=== Dataset excerpt ===

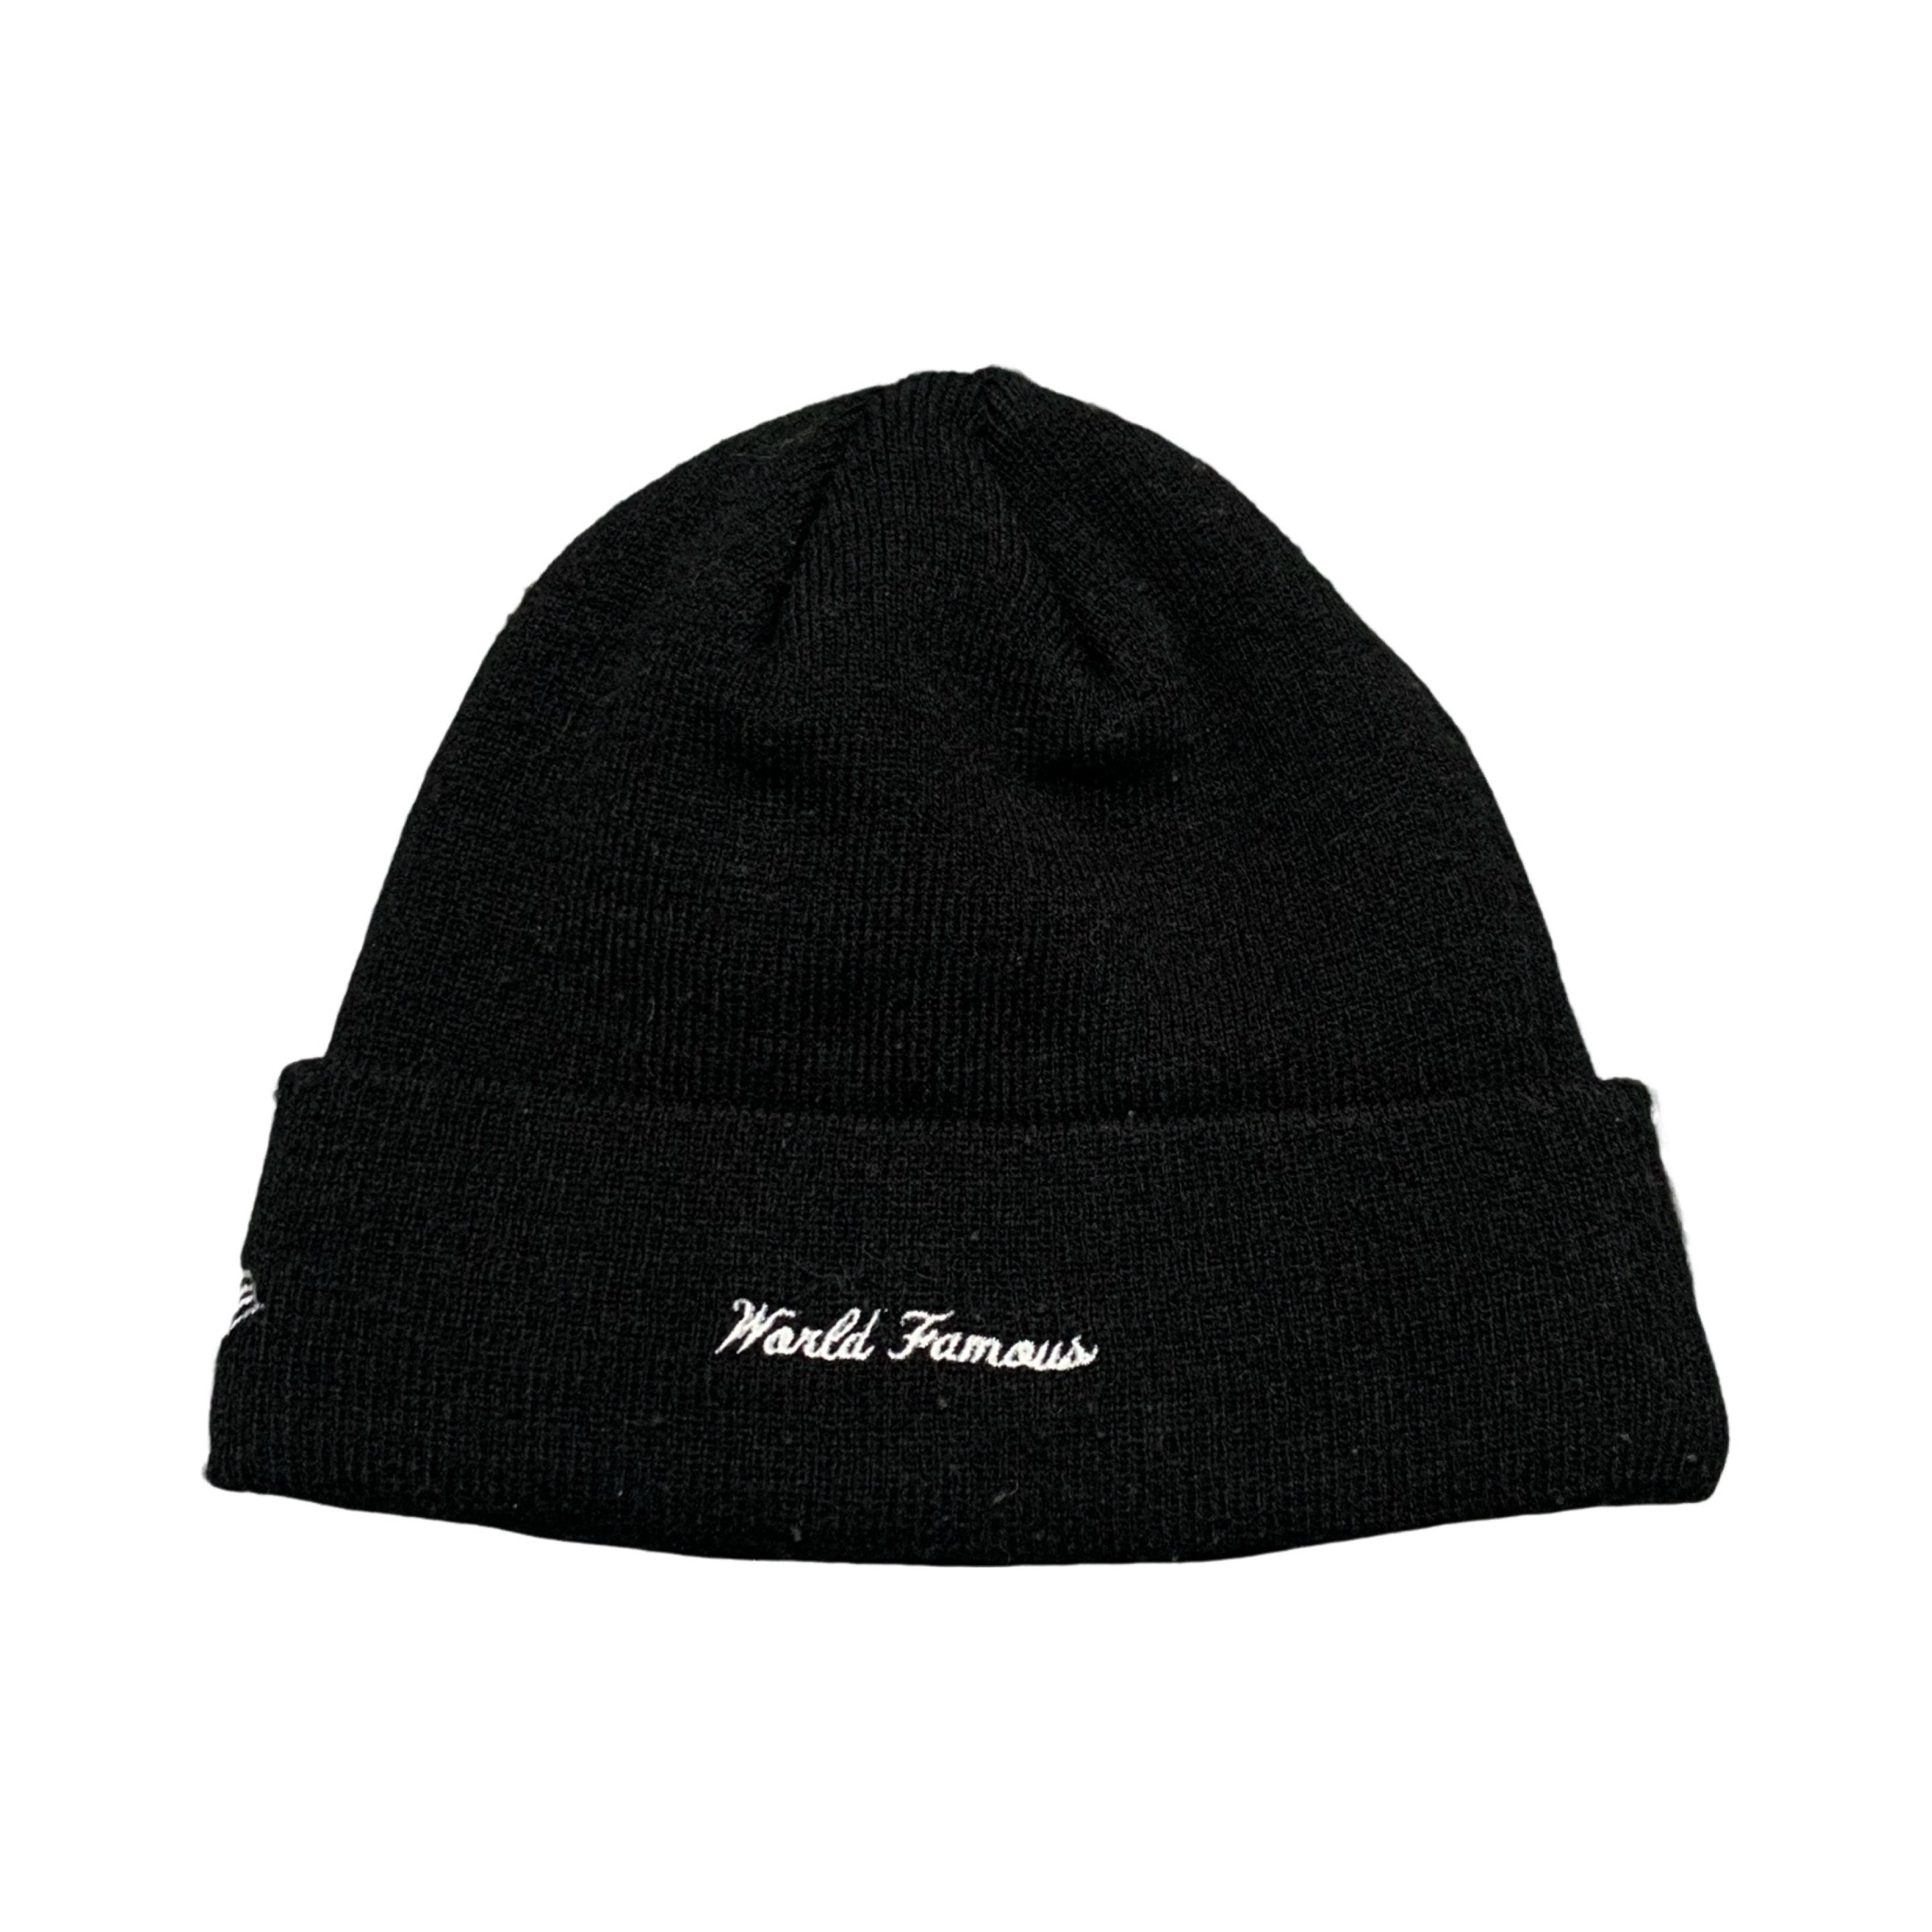 Supreme Beanie Box Logo New Era Black Beanie Hat
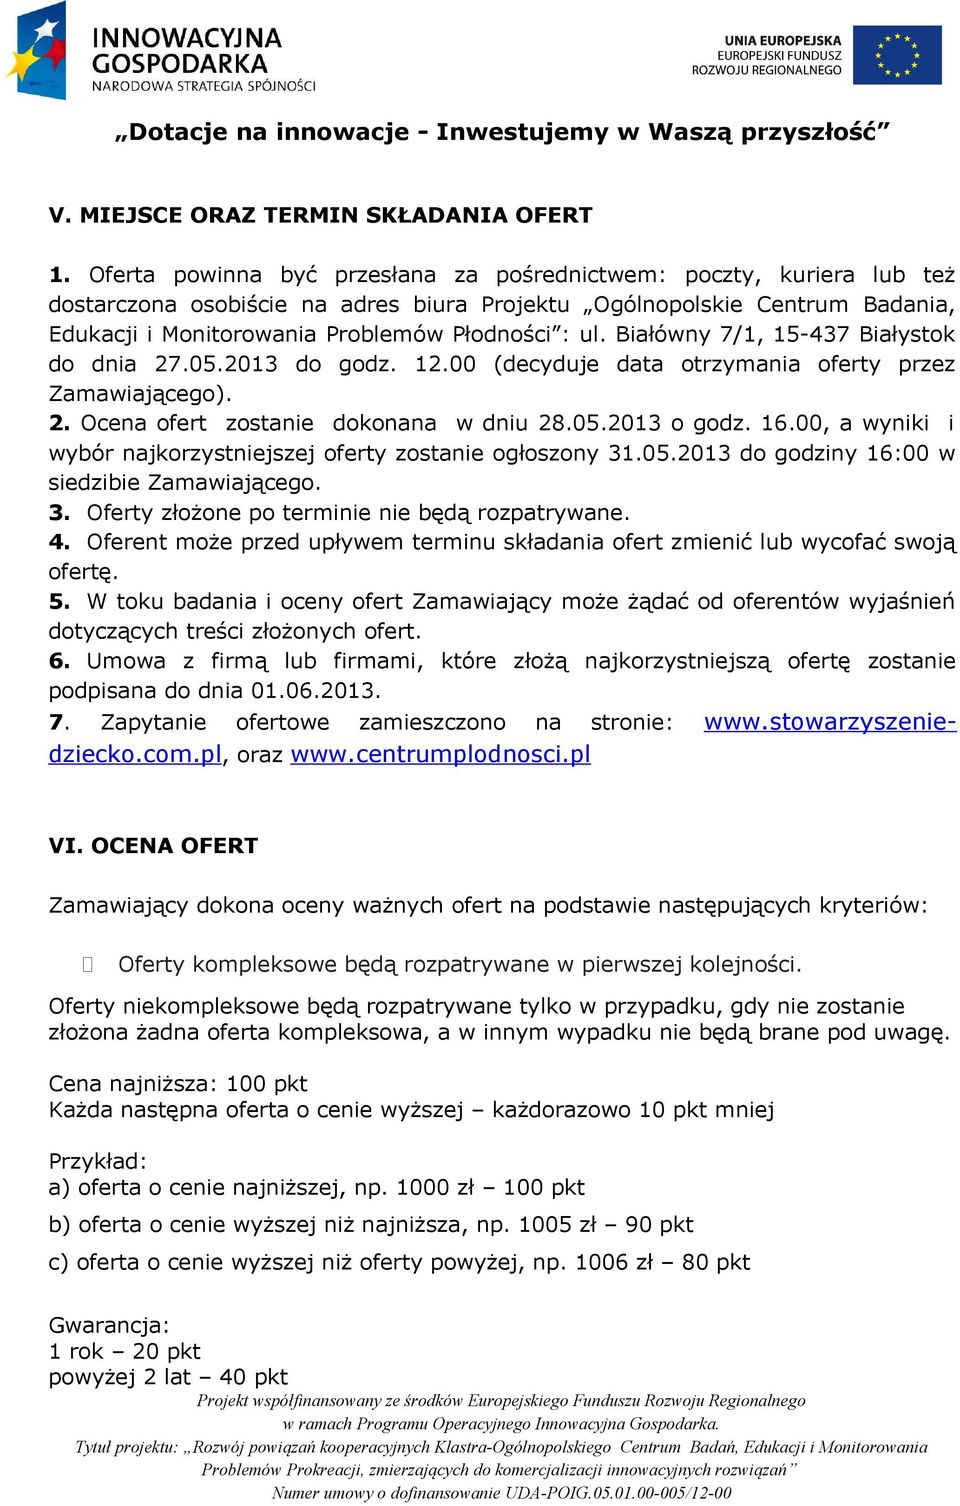 Białówny 7/1, 15-437 Białystok do dnia 27.05.2013 do godz. 12.00 (decyduje data otrzymania oferty przez Zamawiającego). 2. Ocena ofert zostanie dokonana w dniu 28.05.2013 o godz. 16.
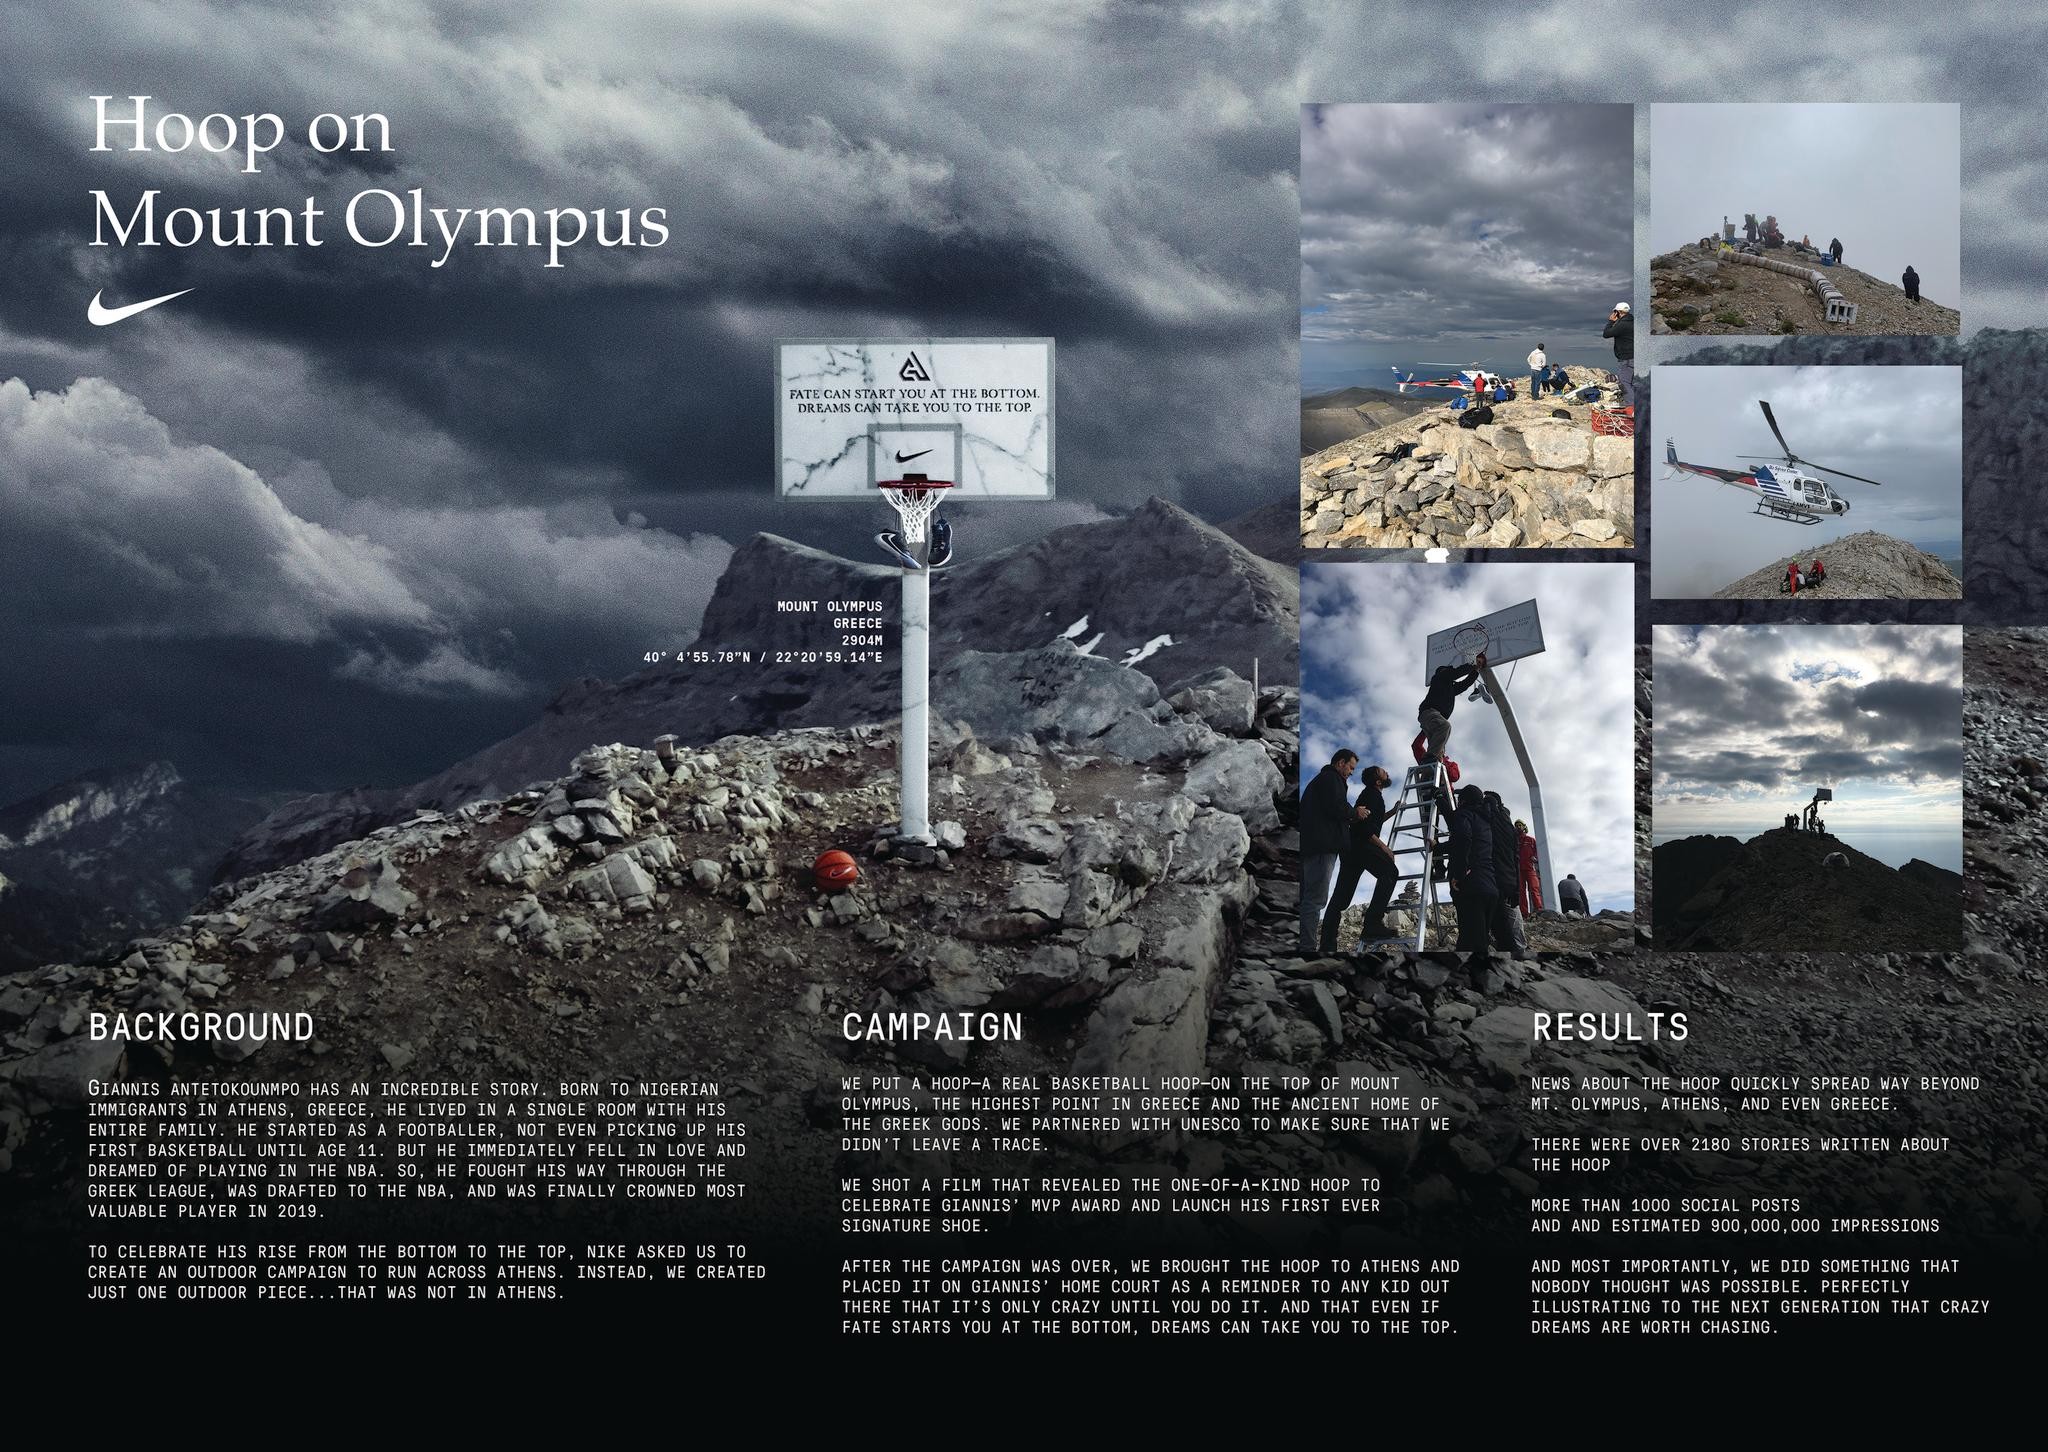 Hoop on Mount Olympus

===

→ What to do
Could the data be reproduced exactly, with the pictures omitted?

→ Answer box
 Supreme Beanie Box Logo New Era Black Beanie Hat
 Białówny 7/1, 15-437 Białystok do dnia 27.05.2013 do godz. 12.00 (decyduje data otrzymania oferty przez Zamawiającego). 2. Ocena ofert zostanie dokonana w dniu 28.05.2013 o godz. 16.
 Hoop on Mount Olympus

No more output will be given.